→ Given entries
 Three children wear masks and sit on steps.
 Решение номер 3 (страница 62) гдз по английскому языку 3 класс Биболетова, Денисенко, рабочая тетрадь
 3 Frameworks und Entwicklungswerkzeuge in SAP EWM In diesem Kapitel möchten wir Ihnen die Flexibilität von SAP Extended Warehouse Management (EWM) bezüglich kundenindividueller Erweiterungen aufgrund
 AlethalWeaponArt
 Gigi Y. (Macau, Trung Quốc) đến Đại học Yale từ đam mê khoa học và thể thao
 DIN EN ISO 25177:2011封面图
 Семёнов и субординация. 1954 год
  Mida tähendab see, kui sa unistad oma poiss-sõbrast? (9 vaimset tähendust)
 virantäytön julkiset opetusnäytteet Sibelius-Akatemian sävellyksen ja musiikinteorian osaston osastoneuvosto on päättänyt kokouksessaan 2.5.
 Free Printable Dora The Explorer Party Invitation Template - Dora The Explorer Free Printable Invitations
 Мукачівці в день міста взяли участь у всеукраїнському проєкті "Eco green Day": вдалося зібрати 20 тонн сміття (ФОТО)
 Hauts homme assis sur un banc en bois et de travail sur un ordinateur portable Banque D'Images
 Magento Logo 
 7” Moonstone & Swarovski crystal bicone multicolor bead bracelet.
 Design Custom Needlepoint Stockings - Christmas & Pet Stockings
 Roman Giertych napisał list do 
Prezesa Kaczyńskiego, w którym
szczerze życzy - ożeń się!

→ How to complete this task
Quote exactly the line containing "Gigi Y. (Macau, Trung" and every later line through the end of the listing, and no other lines.

→ Written answer
 Gigi Y. (Macau, Trung Quốc) đến Đại học Yale từ đam mê khoa học và thể thao
 DIN EN ISO 25177:2011封面图
 Семёнов и субординация. 1954 год
  Mida tähendab see, kui sa unistad oma poiss-sõbrast? (9 vaimset tähendust)
 virantäytön julkiset opetusnäytteet Sibelius-Akatemian sävellyksen ja musiikinteorian osaston osastoneuvosto on päättänyt kokouksessaan 2.5.
 Free Printable Dora The Explorer Party Invitation Template - Dora The Explorer Free Printable Invitations
 Мукачівці в день міста взяли участь у всеукраїнському проєкті "Eco green Day": вдалося зібрати 20 тонн сміття (ФОТО)
 Hauts homme assis sur un banc en bois et de travail sur un ordinateur portable Banque D'Images
 Magento Logo 
 7” Moonstone & Swarovski crystal bicone multicolor bead bracelet.
 Design Custom Needlepoint Stockings - Christmas & Pet Stockings
 Roman Giertych napisał list do 
Prezesa Kaczyńskiego, w którym
szczerze życzy - ożeń się!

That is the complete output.